Private sector rotations could increase the number of training posts while addressing the growing gap between surgical service supply and demand. Dual engagement of trainees in both sectors would ensure a steady pipeline of skilled surgeons, strengthen workforce capacity and enhance the overall sustainability of surgical services. Ultimately, incorporating private sector into the training program would provide a contingency for any future events where elective work is suspended, without compromising operative experience or training progression.
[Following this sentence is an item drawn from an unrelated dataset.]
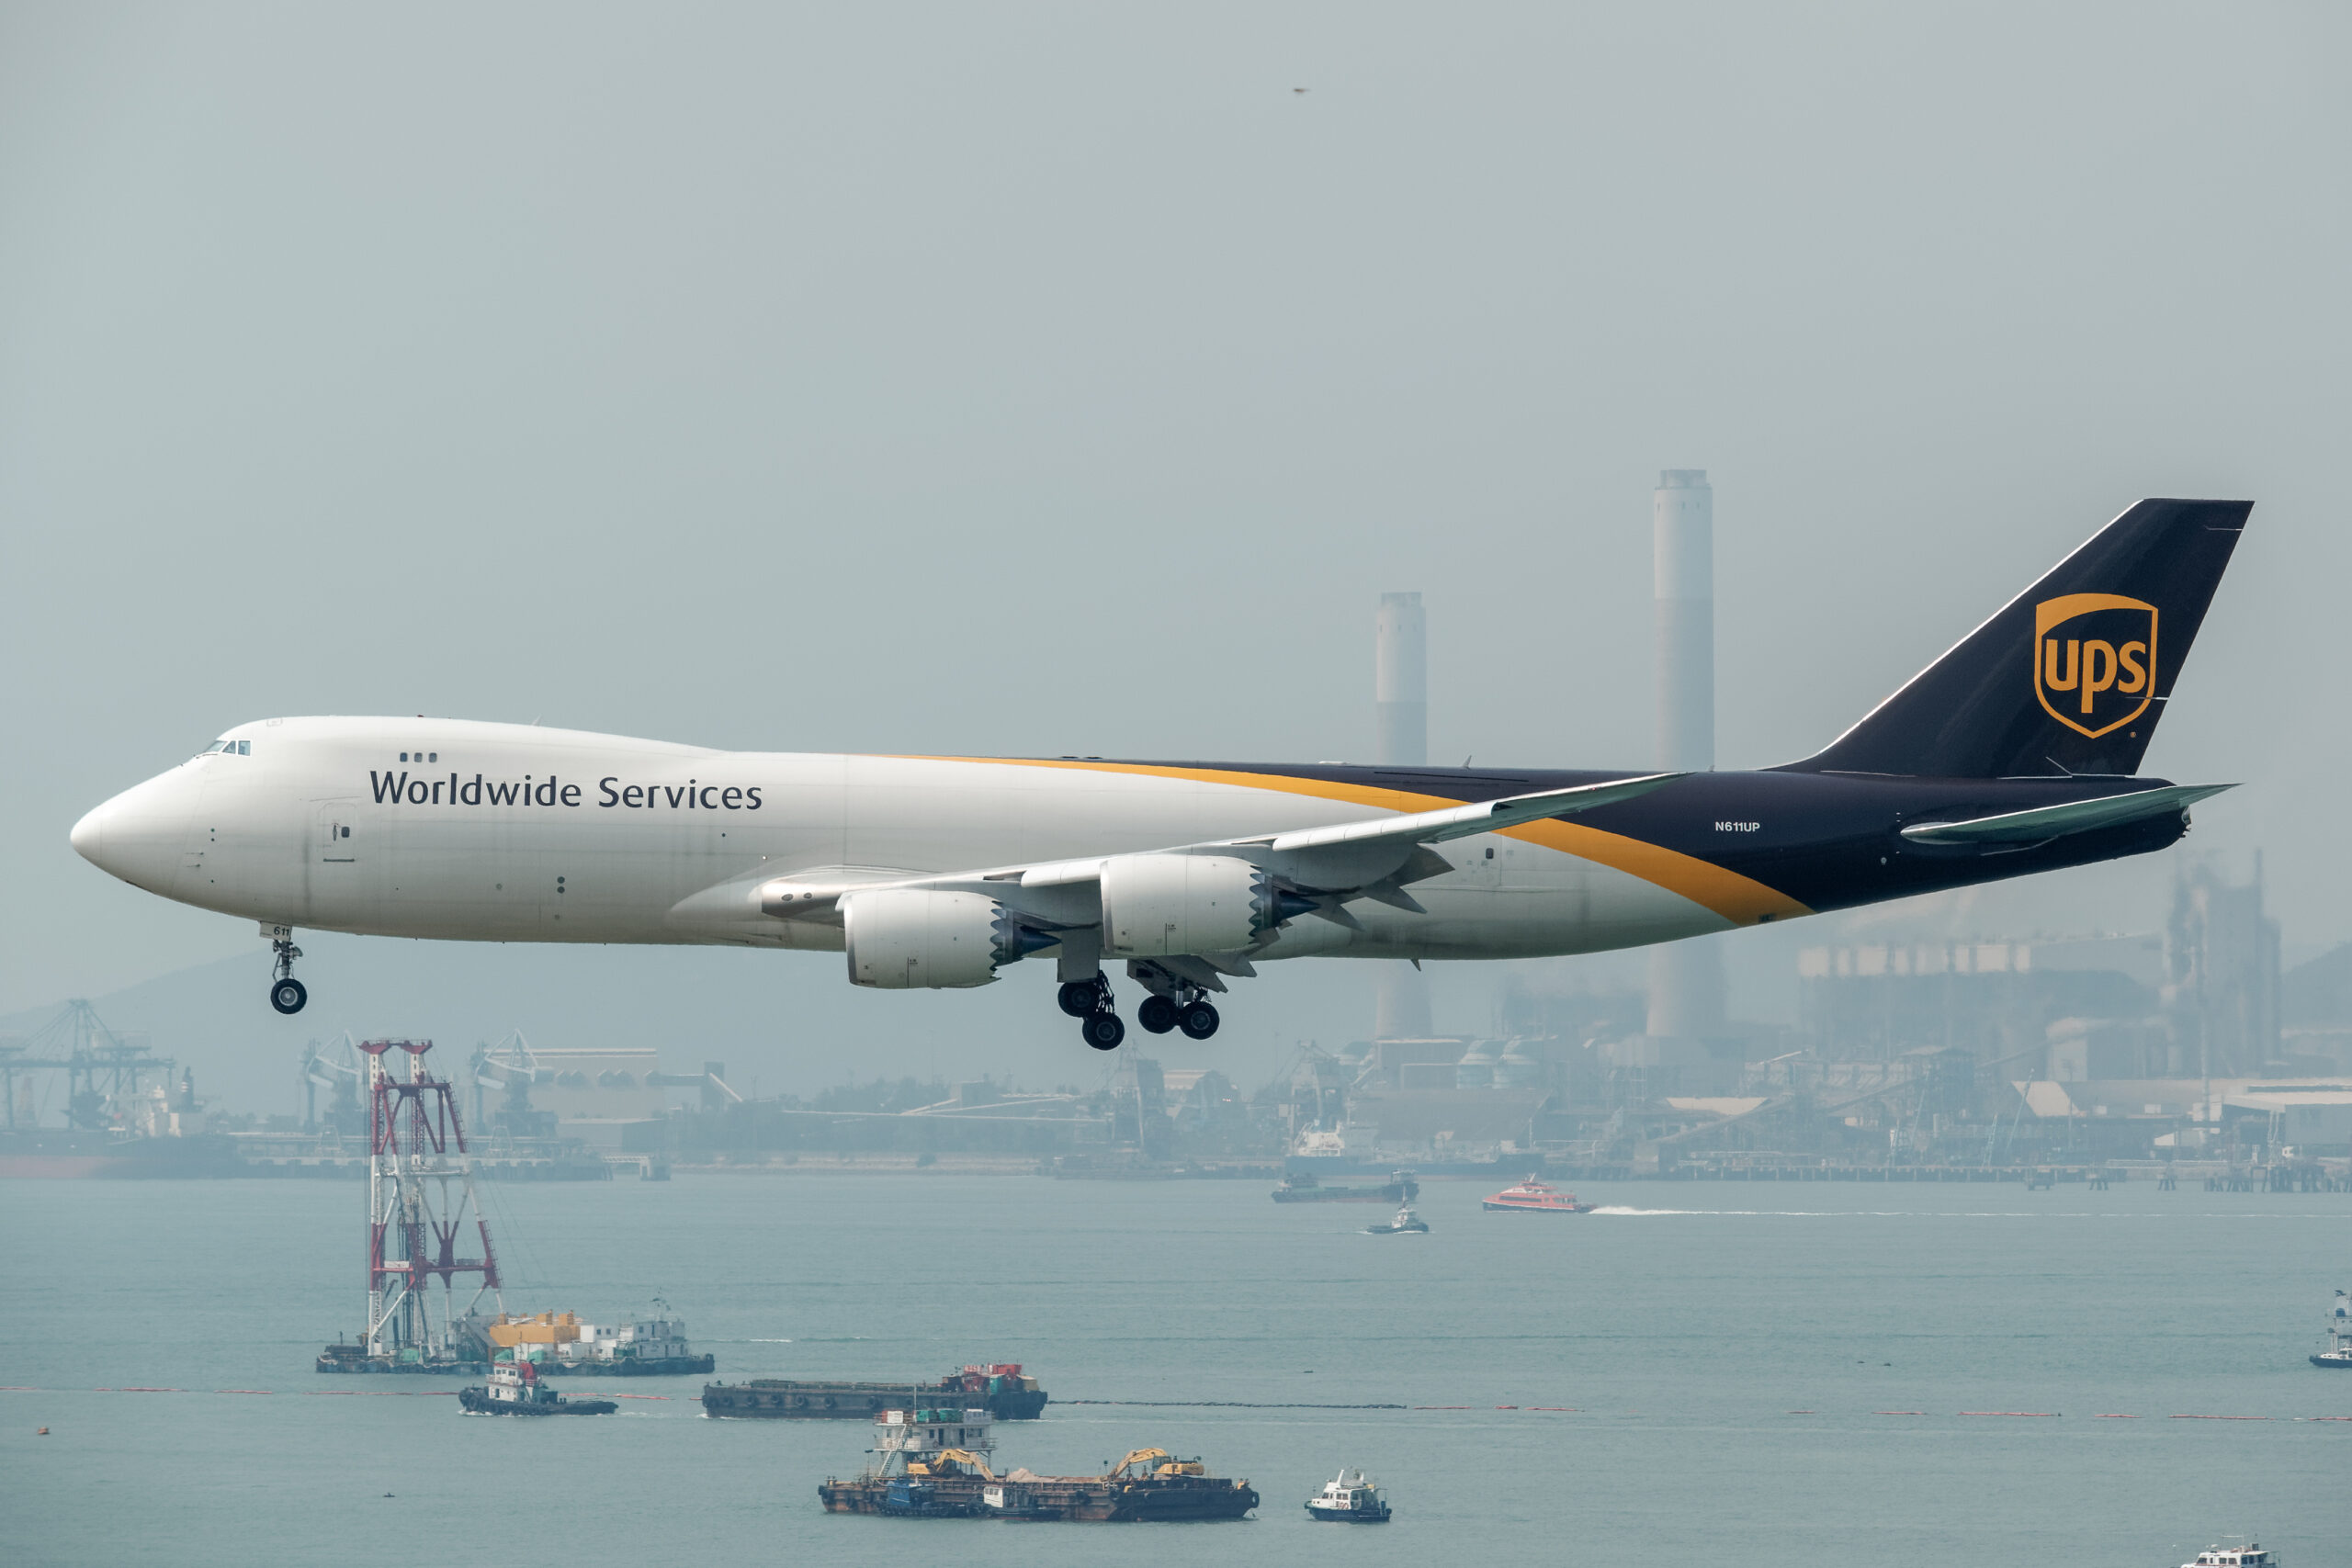 UPS Boeing 747-8F By Melv_L - MACASR - https://www.flickr.com/photos/54943237@N04/40669964253/, CC BY-SA 2.0, https://commons.wikimedia.org/w/index.php?curid=81422394

Strategies for implementation of private sector into training

Implementing private sector rotations requires careful planning to overcome administrative, logistical, and cultural barriers while maintaining quality and equity. One of the primary challenges is the administrative burden associated with trainees moving between sectors, as providers must demonstrate compliance with regulatory standards such as the Care Inspectorate in Scotland or the Care Quality Commission in England. Coordinated information sharing between NHS trusts, training bodies, and private providers would streamline duplicate paperwork and expedite trainee placement allocations. Similarly, shifting a current culture of short-notice allocations to a structured rota would allow employment and governance checks for private sector to occur in parallel with the NHS processes. Funding presents another key consideration, as having trainees can increase operational costs for private sector. The NHS could commission elective training lists in private hospitals, covering operational costs. Where private sector manages a mixture of NHS and private patients, shared funding models could offset the additional training burden, with private providers contributing towards training costs in exchange for the service provided by trainees [4]. Supporting private providers with accreditation is essential to incentivise participation. Providing clear guidelines, online training courses by JCST and ISCP would ensure that the educational quality is transferable to the private sector. Small-scale pilot rotations in select private hospitals would further help identify practice barriers and refine the implementation strategies before nation-wide rollout. Regular dialogue between the sectors and inclusion of trainees in the design and evaluation of the new program are the most valuable strategies to ensure that educational, operational and patient healthcare outcomes are optimised.

Conclusion

Training should be reimagined as an interplay between public and private domains, preparing orthopaedic trainees for the realities of modern practice. Private sector involvement should be embraced as a catalyst for innovation and opportunity. It is the crucial next step in creating competent and adaptable generation of surgeons that is equipped to lead in an ever-evolving healthcare environment.

References
  1. Fletcher, N. & Barker, J. (2022). Training challenges in the independent sector. Anaesthesia, 77(9), pp.1001–1003.
  2. Bottle A, Browne J. Outsourcing care to the private sector: some reassuring evidence on patient outcomes. BMJ Quality & Safety Published Online First: 22 October 2021. doi: 10.1136/bmjqs-2021-014349
  3. Dattani, R., Morgan, C., Li, L., Bennett-Brown, K., & Wharton, R. M. H. (2020). The impact of COVID-19 on the future of orthopaedic training in the UK. Acta Orthopaedica, 91(6), 627–632. https://doi.org/10.1080/17453674.2020.1795790
  4. Watters DA, D'Souza B, Guest G, Wardill D, Levy S, O'Keefe M, Crowley S. Training in the private sector: what works and how do we increase opportunities? ANZ J Surg. 2009 Mar;79(3):138-42. doi: 10.1111/j.1445-2197.2008.04830.x. PMID: 19317778.